Eric Gunnerson has a post in which he responds to Justin Etheredge regarding “Is Programming A Generic Skill?”
I’ll just say that I agree with them both. There are differences between ability, proficiency and mastery.
A Java programmer can jump into C# and be an able C# programmer immediately. It will take time to become proficient and even more time to develop mastery.
I am proof of this with python. I’ve been an able python programmer for over 10 years now(actually closer to 15), but I never spent enough time in python to call myself proficient and I’m certainly far from a master.
But the thing that Eric said which triggered me to write this is not the generic skill discussion with Justin, it is instead a remark that Eric said about Perl, “… because of TMTOWTDI”.
C# is very much becoming afflicted with There is More Than One Way To Do It. It certainly is both the language and library.

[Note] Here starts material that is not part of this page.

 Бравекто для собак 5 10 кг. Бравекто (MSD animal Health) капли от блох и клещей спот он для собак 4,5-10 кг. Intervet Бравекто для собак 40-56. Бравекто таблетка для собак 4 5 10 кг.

Consider LINQ. LINQ to Objects is a new way to do something which everyone has done differently in the past. When new programmers are exposed to linq, I often hear the question “When do I use linq?” The answer I give is typically “whenever you would use a for loop or foreach loop and if you can’t, figure out how you can".
If we throw away the ‘idiomatic code” to which Eric refers, then a giant bucket of TMTOWTDI is thrown in our face. Do we use properties or fields, events or delegate fields?

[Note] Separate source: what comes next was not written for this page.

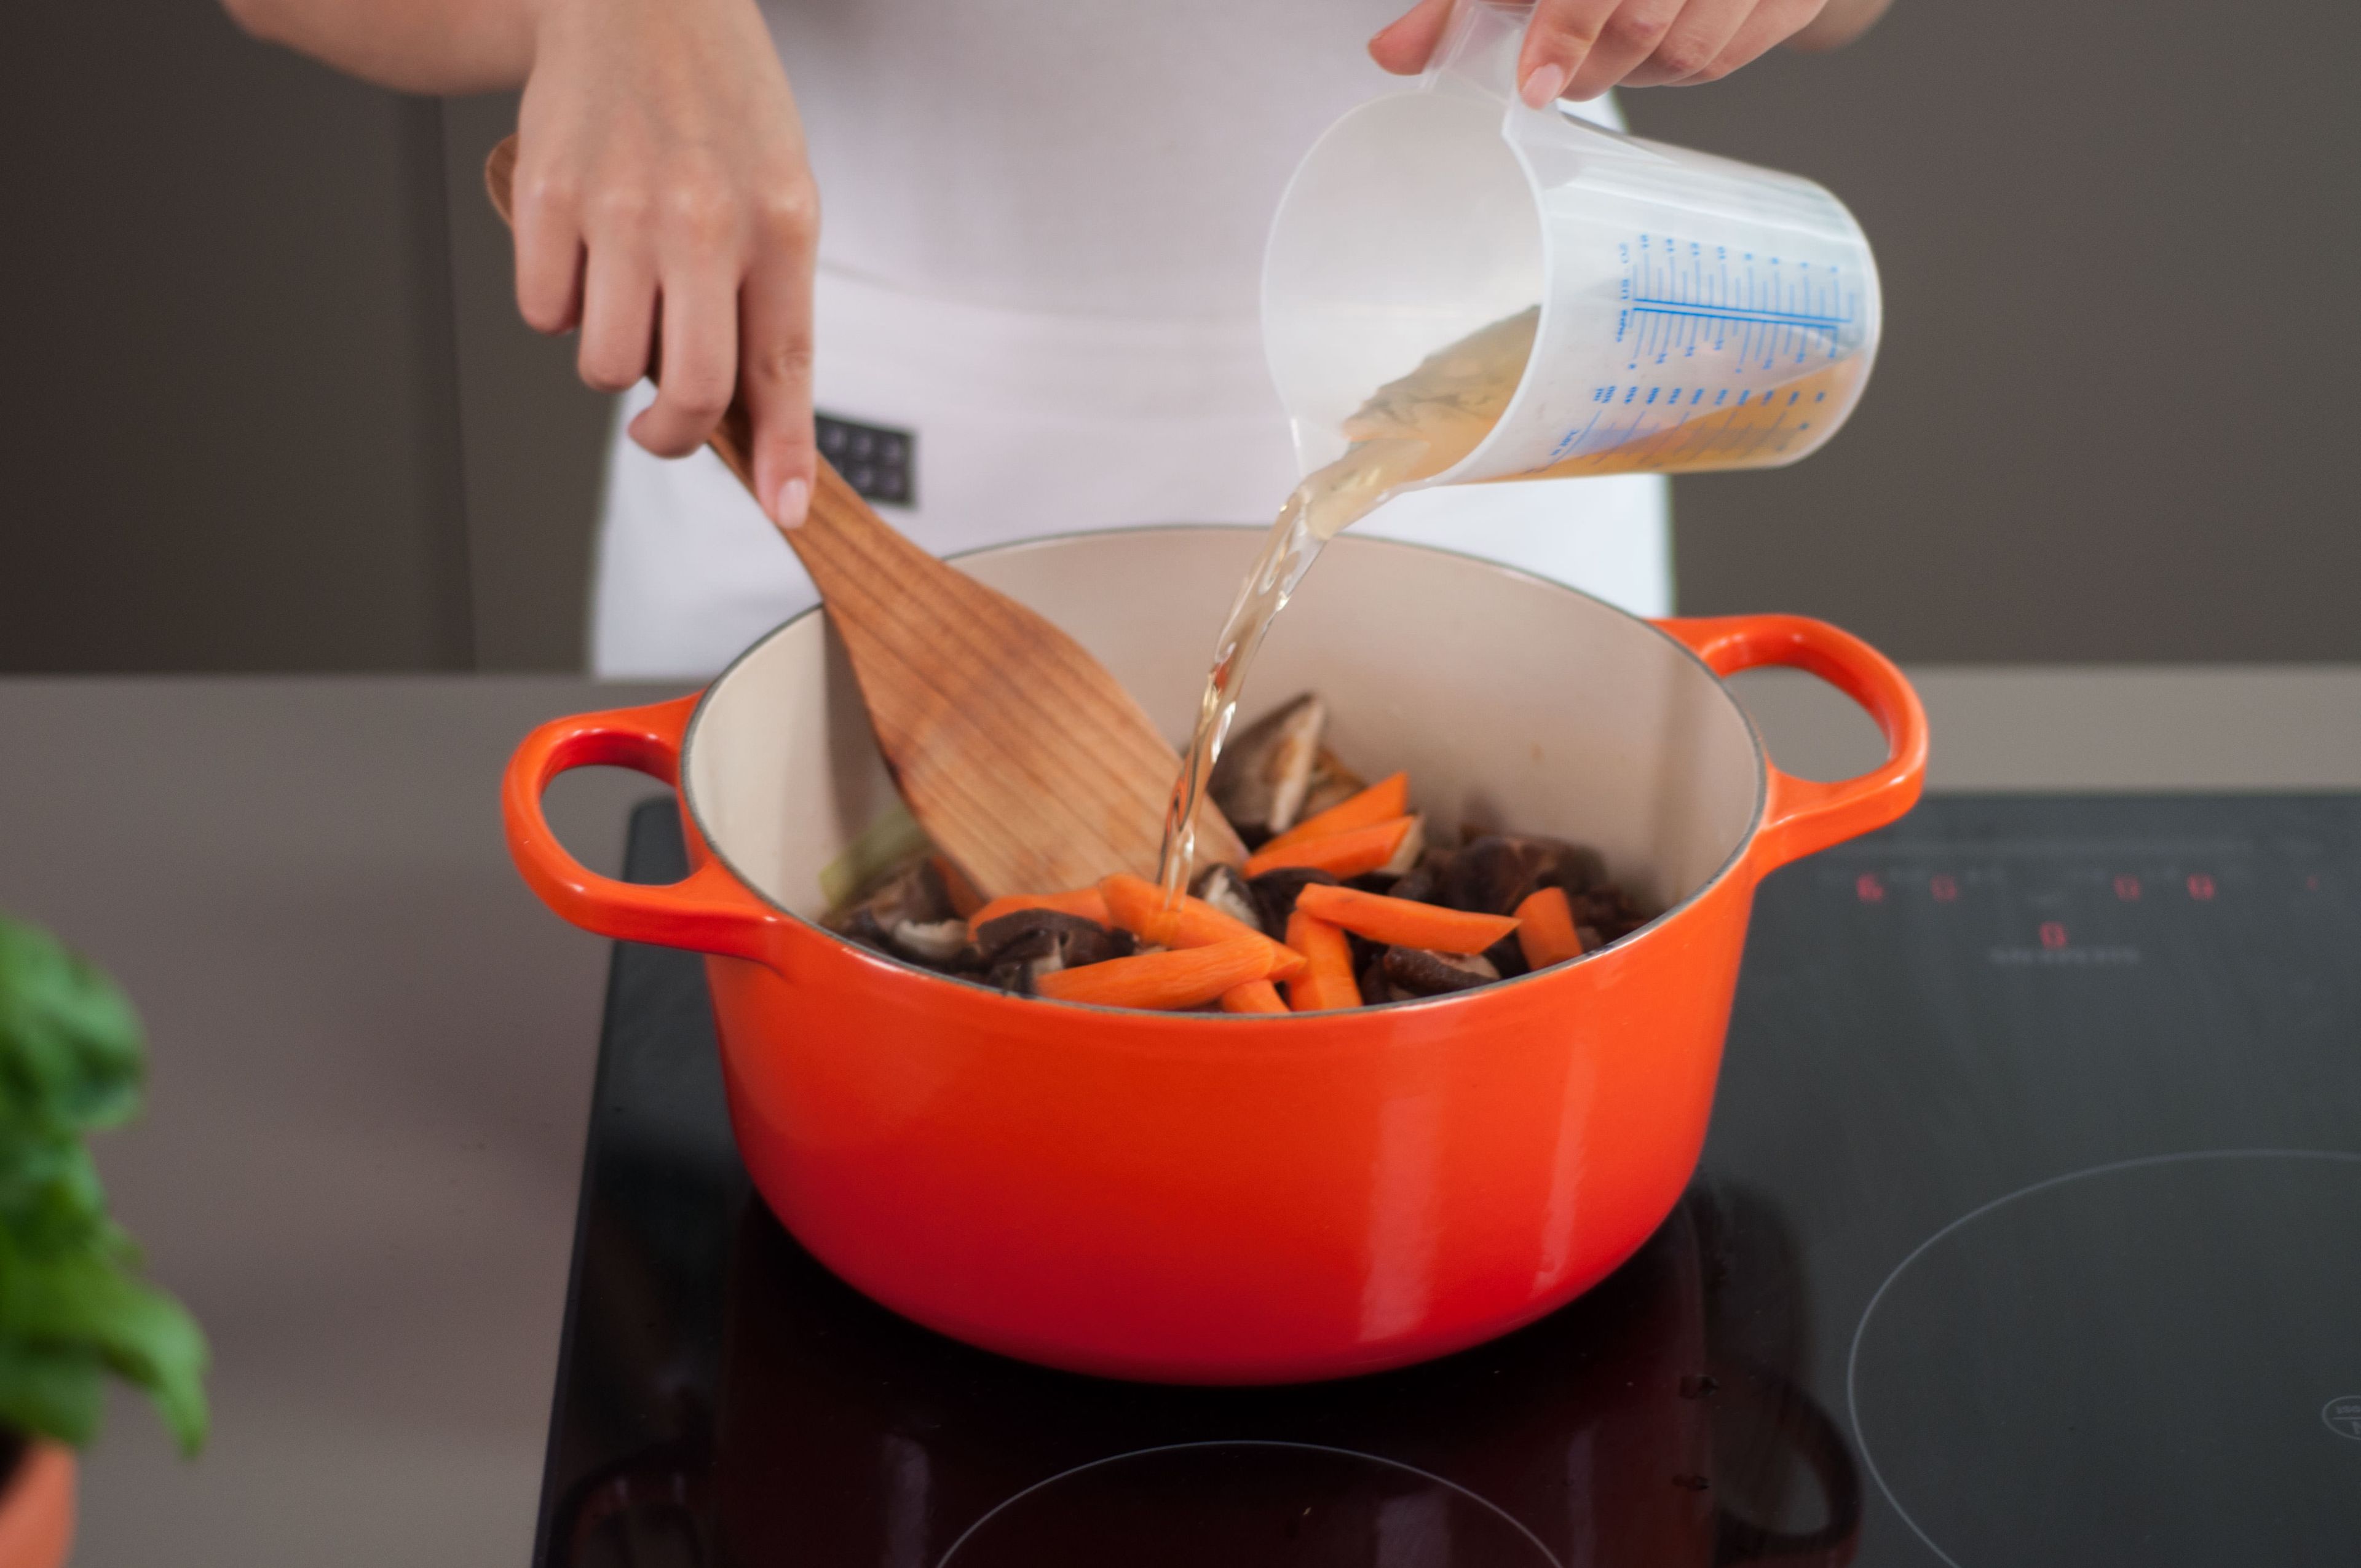 Shiitake-Pilze, Karotten, Maronen und das aufgefangene Pilz-Wasser hinzugeben. Hitze reduzieren und mit einem Deckel abdecken. Für ca. 25 – 30 Min. köcheln lassen und gelegentlich umrühren, bis das Hühnchen durch und die Karotten zart sind. Guten Appetit!

For public interfaces, FxCop helps a great deal with guidelines for these things and helping to learn the idioms of the language and framework, but for other things, you are left to yourself. That is why reading others source code is so important. (see the weekly course code)

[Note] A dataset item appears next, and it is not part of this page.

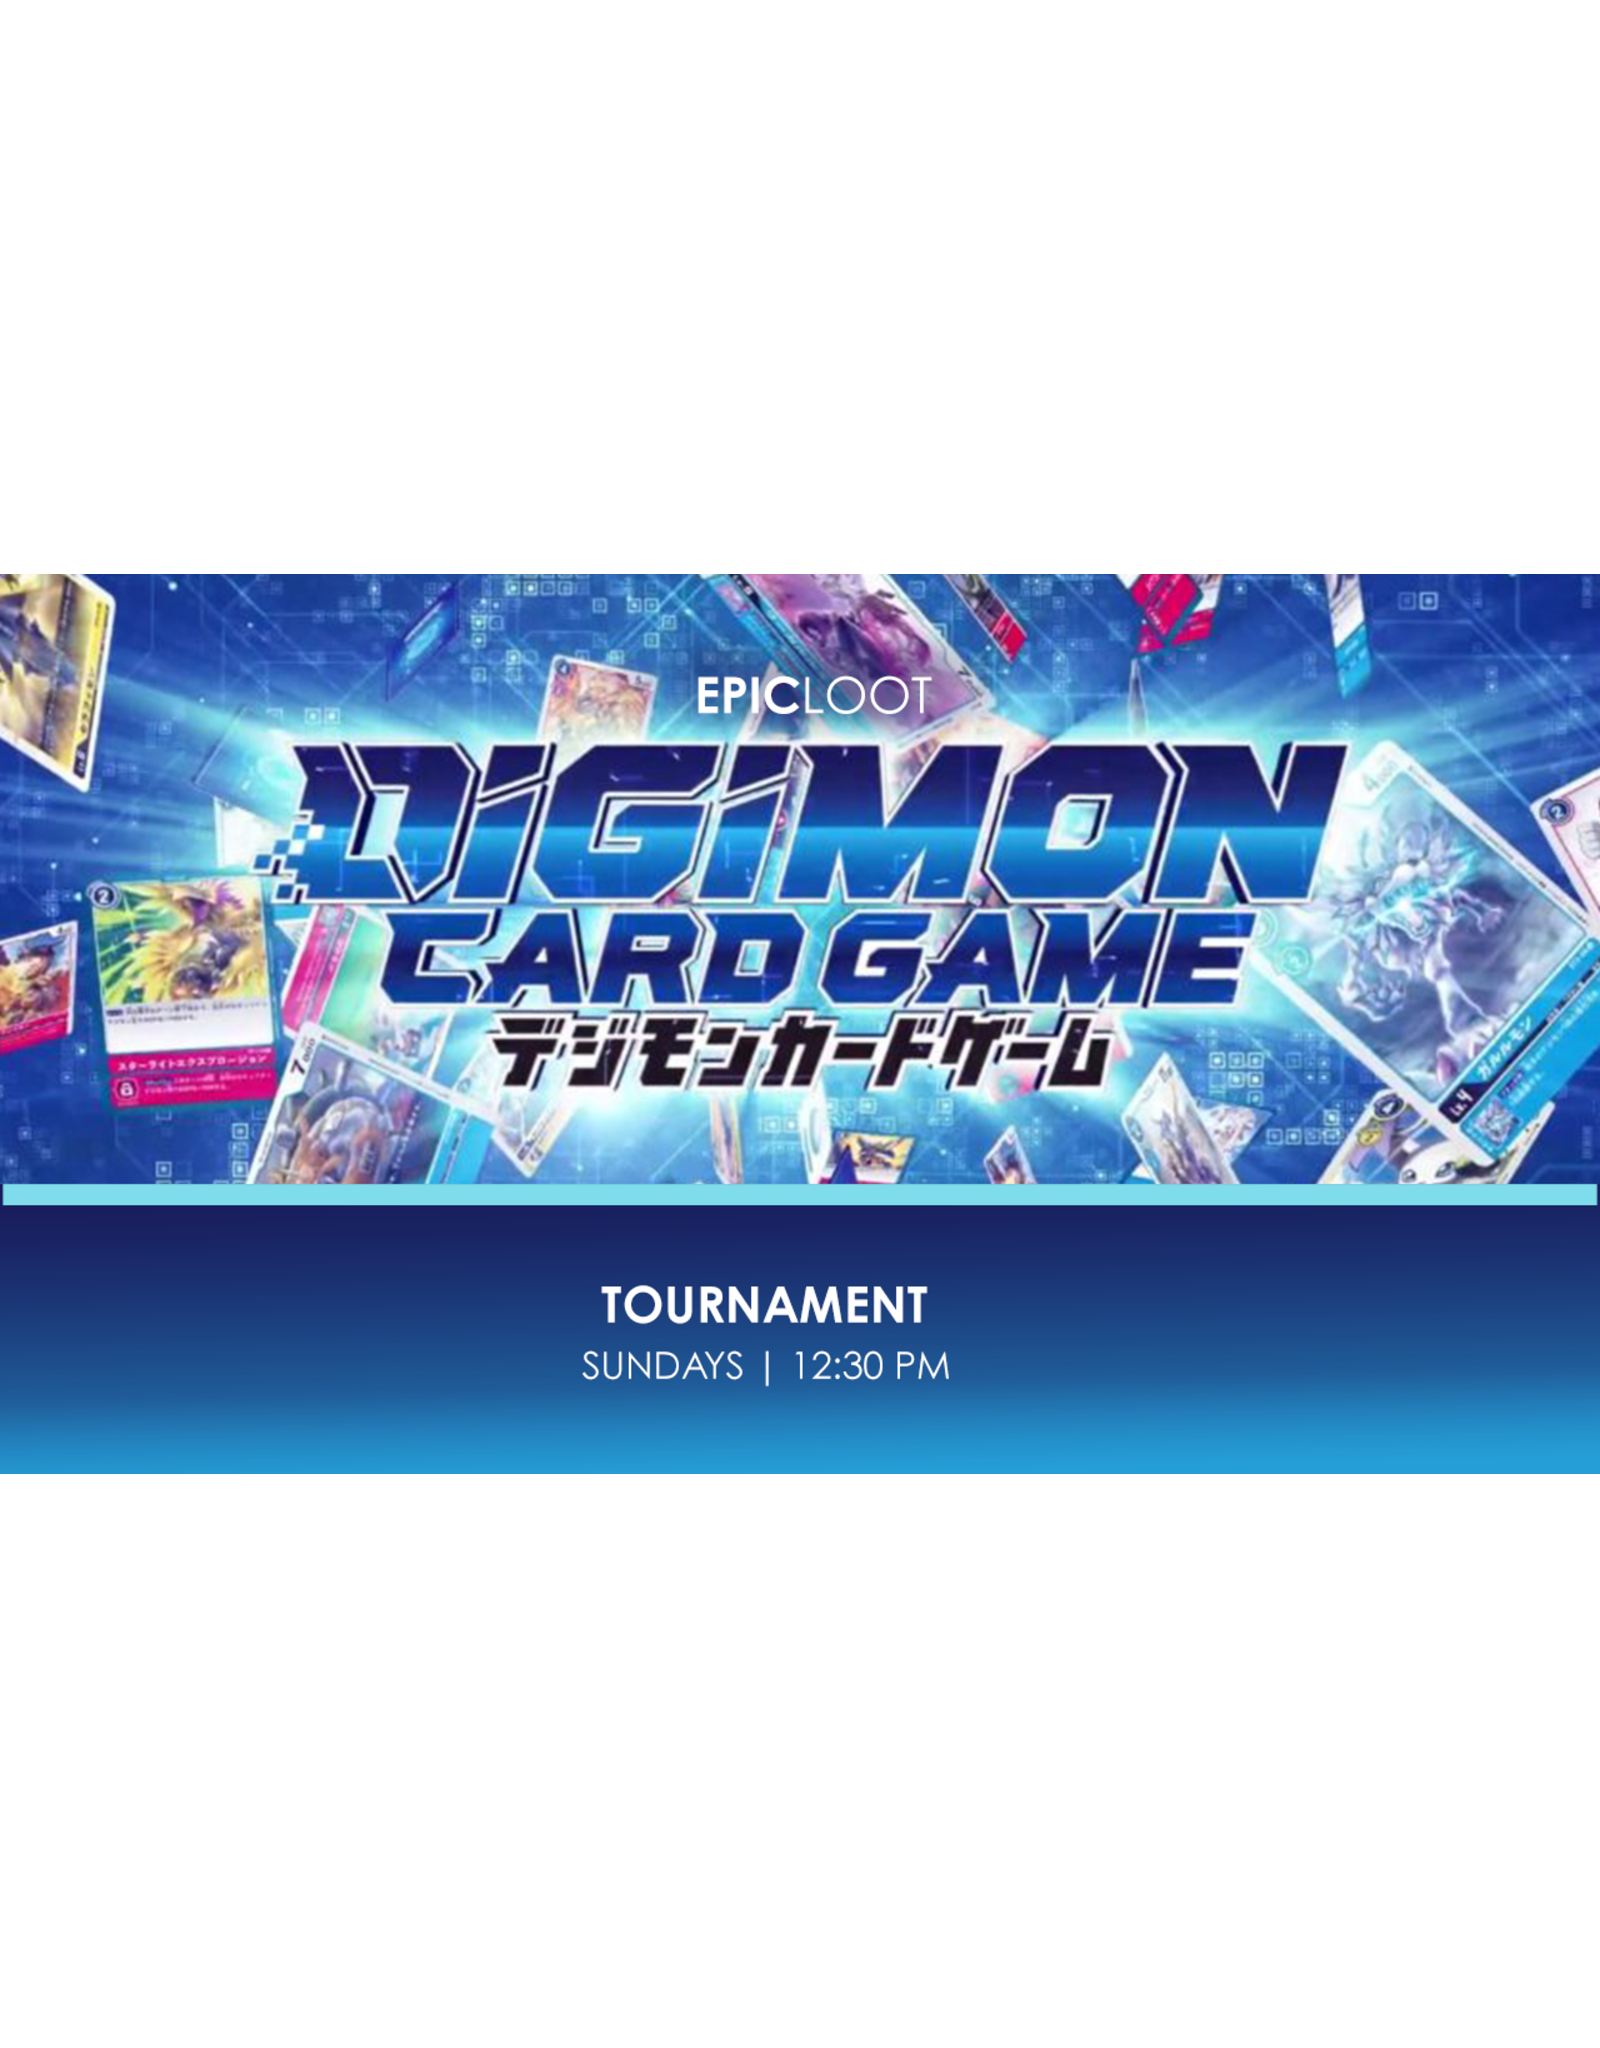 Sun 10/9 12:30PM Digimon Tournament

Expand into libraries and TMTOWTDI explodes. From MSFT alone there is Remoting, Web Services (asmx), WSE, WCF, RIA Services, ASHX, ASP.NET Data Services, all of which have some overlap. Then for data access there is ADO.NET, Linq2Sql, Entity Framework. Even within ADO.NET alone, TMTOWTDI. Do you use a reader? Table Adapter with DataSets? Strongly Typed DataSets?
Open to non MSFT and TMTOWTDI explodes again, to the point where I won’t bother listing anything. There is too much.
I think that library TMTOWTDI will always exist. Even Python has SqlObject, SqlAlchemy and ORM as parts of other frameworks like Zope and Django. But language TMTOWTDI is reasonably well mitigated in Python. This is stated in a single line in PEP20 – The Zen of Python
There should be one—preferably only one –obvious way to do it.
C#, perhaps because it was not a goal and because of its C/Java/Delphi roots, has never had that. There has always been TMTOWTDI in C#.